Claudia Blackburn

January, 2013

Over the next few months we’ll be running a series on the real lives of the Age Group triathlete. We’ll chronicle the ups and downs, victories and hardships of training in the everyday athlete.

We begin with Claudia Blackburn, a veteran triathlete starting her 9th year of competition.

Happy New Year! I am really looking forward to my 9th triathlon training season. First, let me introduce myself in this entry, my name is Claudia, alias “Ironmaiden” – a nickname I received over two years ago after being stricken by a serious bout of pneumonia, subsequent long-term breathing complications, and maintaining a persistent desire to stay as active as possible in the subsequent recovery months. Since then, I have earned this nickname repeatedly due to chronic diseases, disorders, and injuries throughout 2012. I am closing in on my 55th birthday as a latecomer mid to back “packer” triathlete with some golden moments of glory as an age-grouper in smaller races. Secretly, I am a student of every aspect of the sport from nutrition to power training. However, I believe that if I were to survey first impressions, most people would mistakenly discount me as a serious athlete; nonetheless, I take this sport, my training, and my athletic aspirations quite serious even if my body does not show it or cooperate. As I have aged, I have maintained a commitment to remain active regardless of ailments and tailor trainings to work around them. I want to be the last women standing – and have made a promise to one my girlfriends that we will do an Ironman to celebrate our 70th birthday.
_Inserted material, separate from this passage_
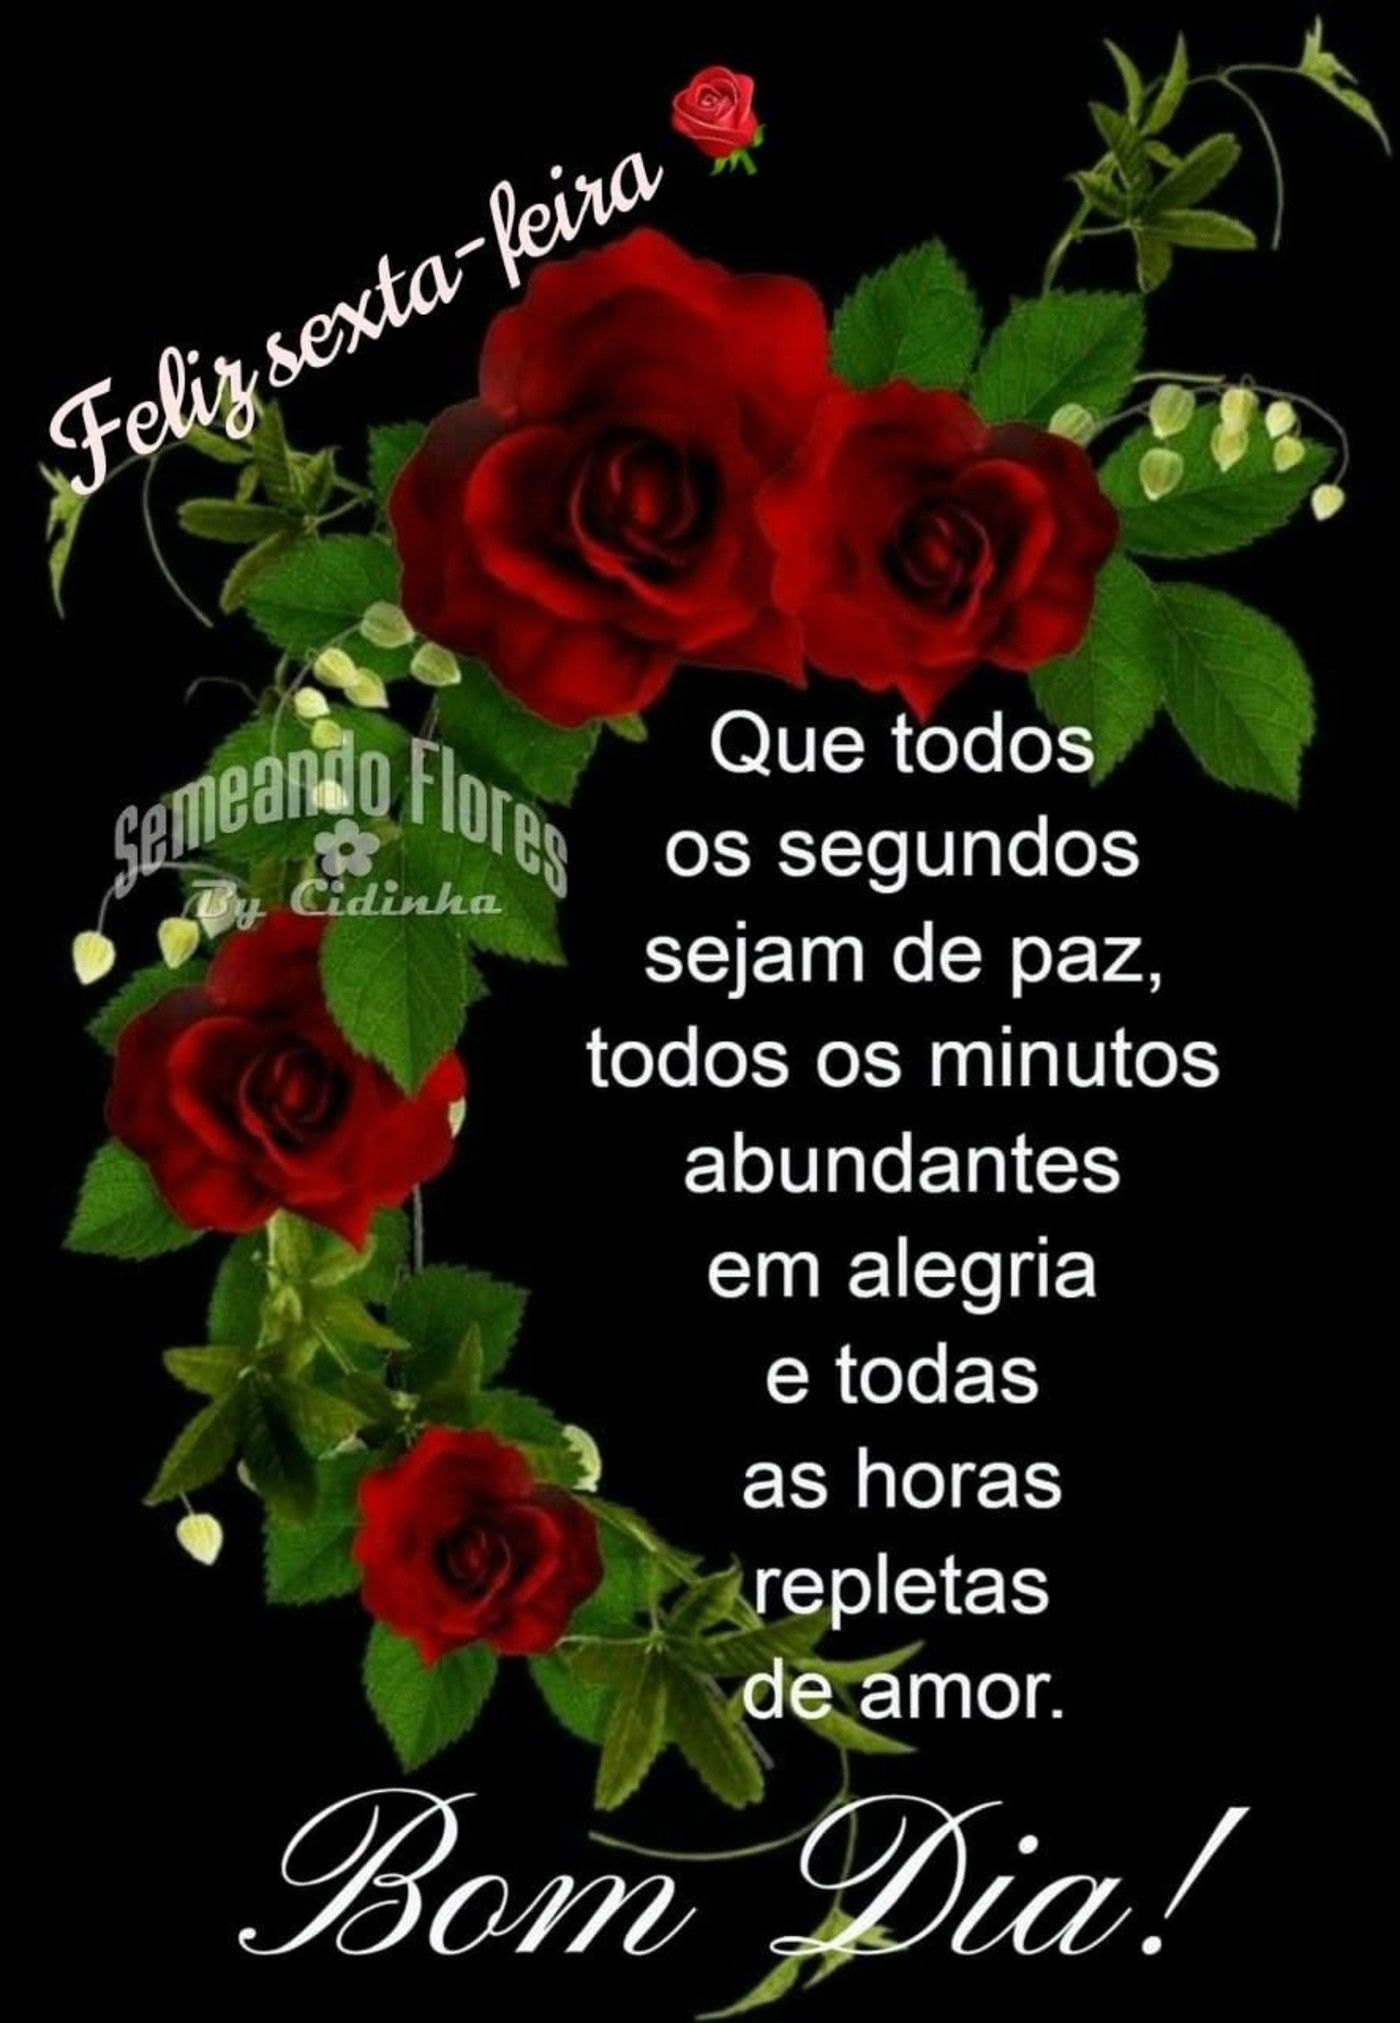 Feliz Sexta Feira Grupo Facebook 237 Com Imagens Feliz Sexta

Future Endeavors: In this upcoming season, the Lake Placid Ironman is my primary focus. In triathlon terms, it is my “A” race. Between now and Lake Placid, I am registered for a 22k flying moose cross-country ski race at the end of February, rock-n-roll half marathon, at least one half-ironman, and smaller distances including the Columbia triathlon. More frightening than all of these races put together, I will be attending a weeklong altitude triathlete training camp in the Rockies in May – a surprise holiday gift from my partner.

Past Endeavors: Since 2005, I have run several marathons, numerous half-marathons, trail runs; completed open-water swims, MS 150s, cross-country ski races including the American Birkebeiner; and participated in all triathlon distances including off-road races. I recently participated in a benefit climb on Mt. Washington, NH. I also have acquired a few reluctant, but noteworthy, DNFs including the Arizona Ironman only 8 miles out and have had several stellar crashes – a flip off a snow mountain bike by going “no holds barred” down a cross country ski slope in Minnesota this past year and ripping off the bike seat and post during a crash due to my inability to unclip from either pedal. Beyond this, I have gained great pleasure in introducing people to the sport, and helping them to get to their first start line.
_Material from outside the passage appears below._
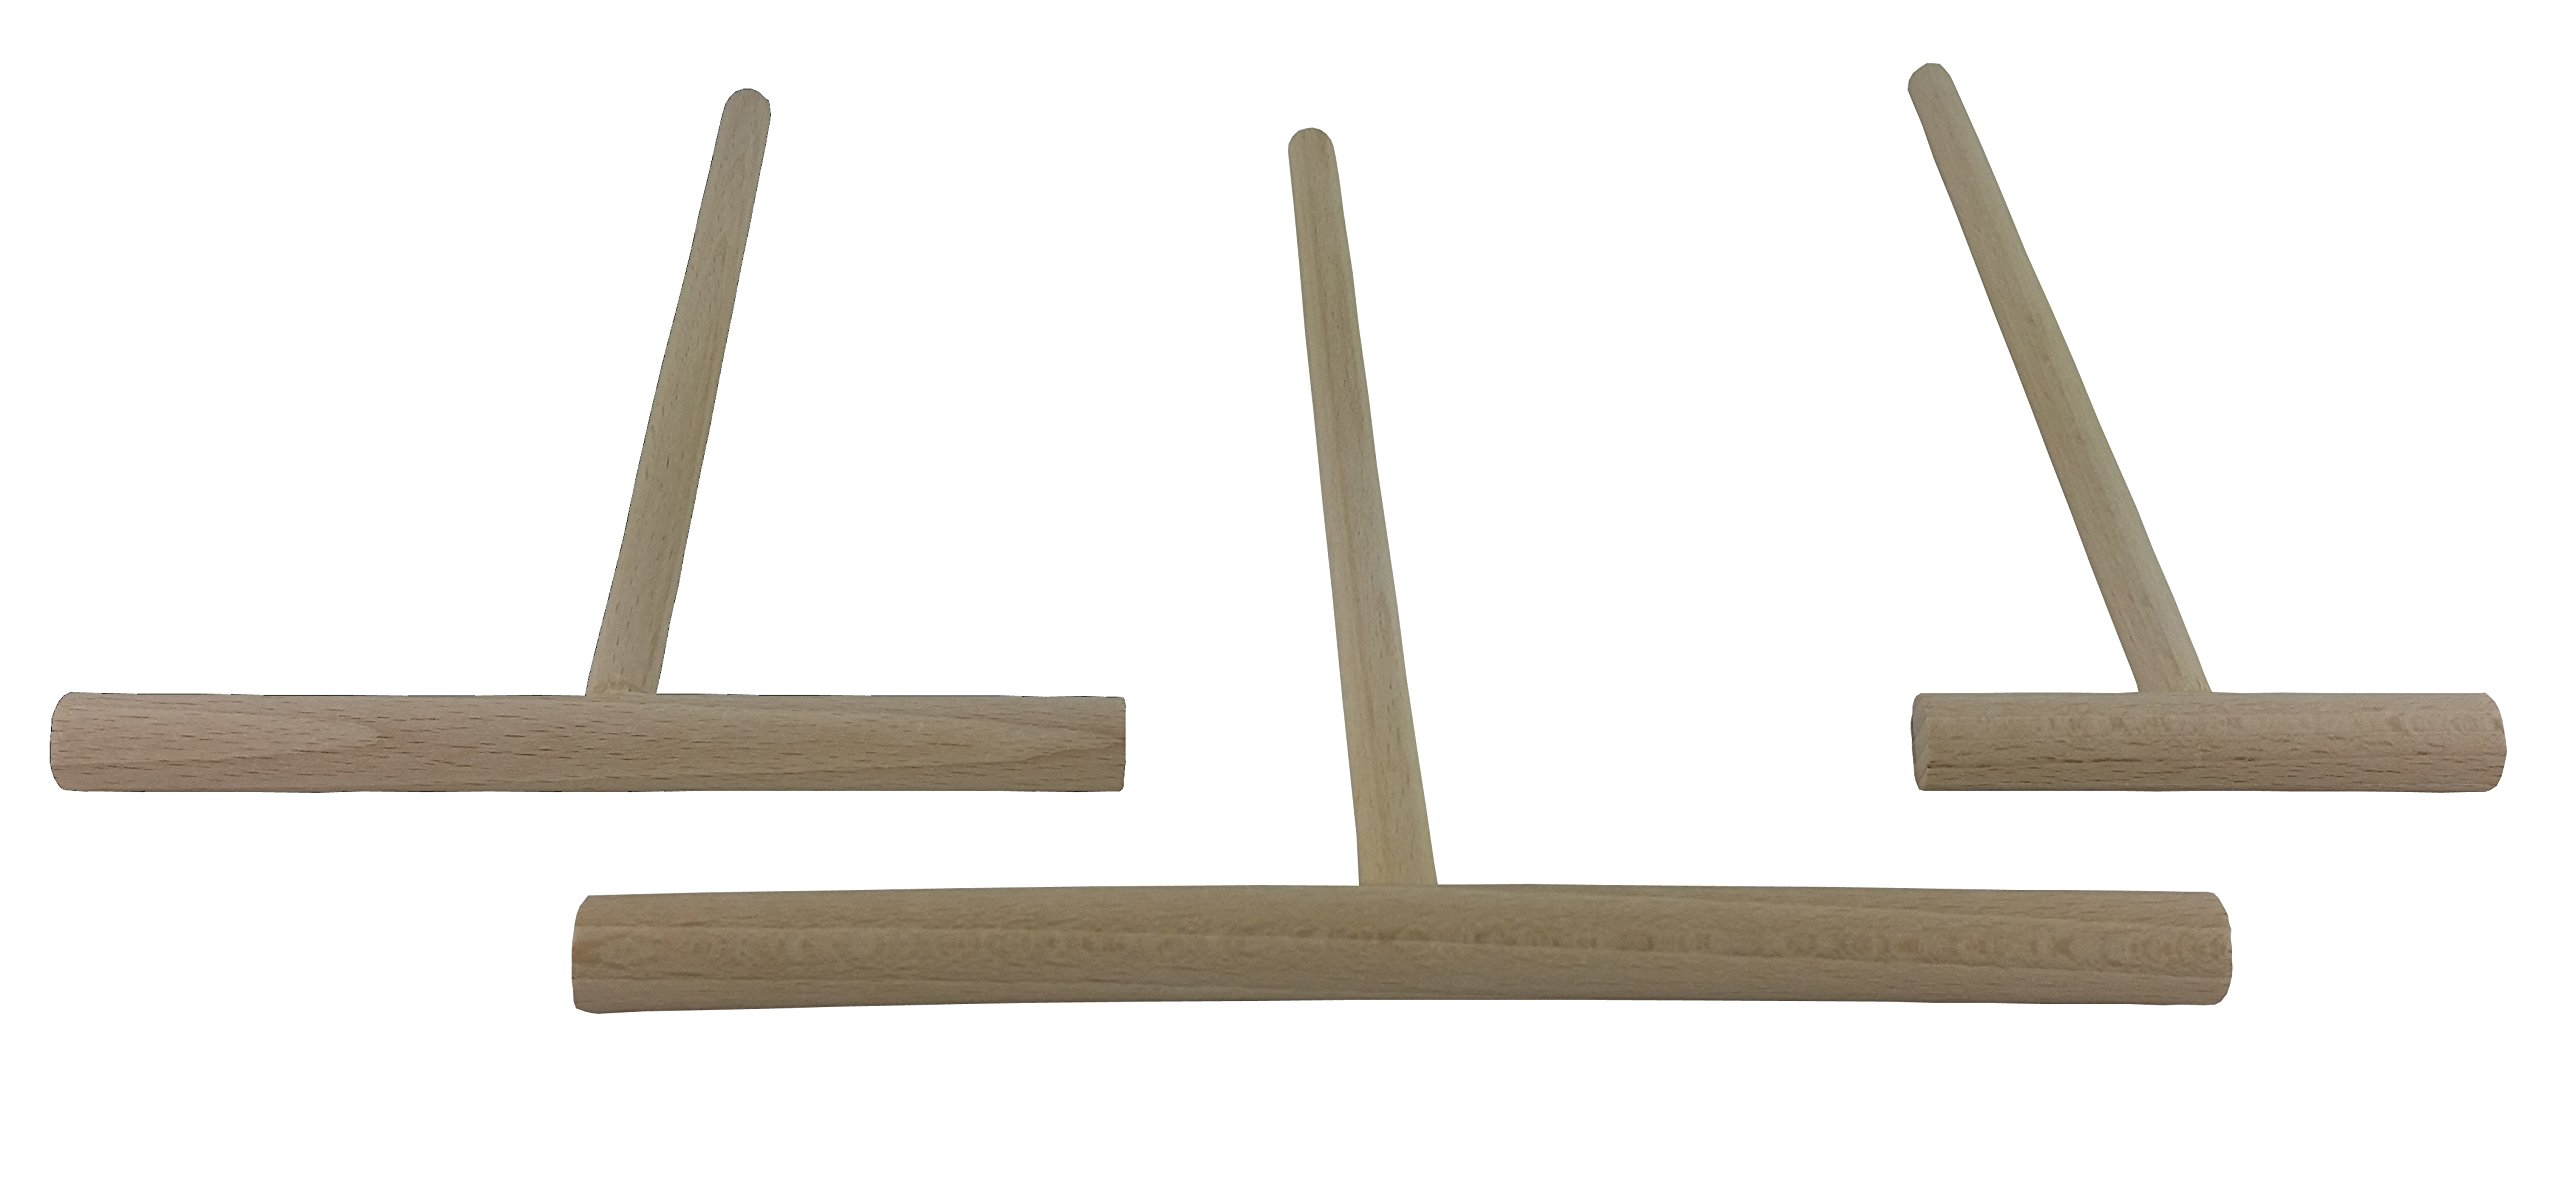 BICB Beechwood Crepe Spreader - 3 Piece Set (7.9-inch and 5.5-inch and 3-inch Spreader )

Most Memorable Moments include the second turn-around on the Arizona Ironman bike course an hour ahead of cut-off, resorting to a bonk-driven walk during the run portion of a triathlon that lead to a heart-felt conversation with a women who was racing and crying for her sister who had recently died from breast cancer, completing the American Birkebeiner Cross Country Ski Kortelopet at minus 16 degrees Fahrenheit without frostbite or falling, and a seamless 1st transition in a New Jersey relay triathlon race from bike to kayak with my Aunt who died two years ago from ALS.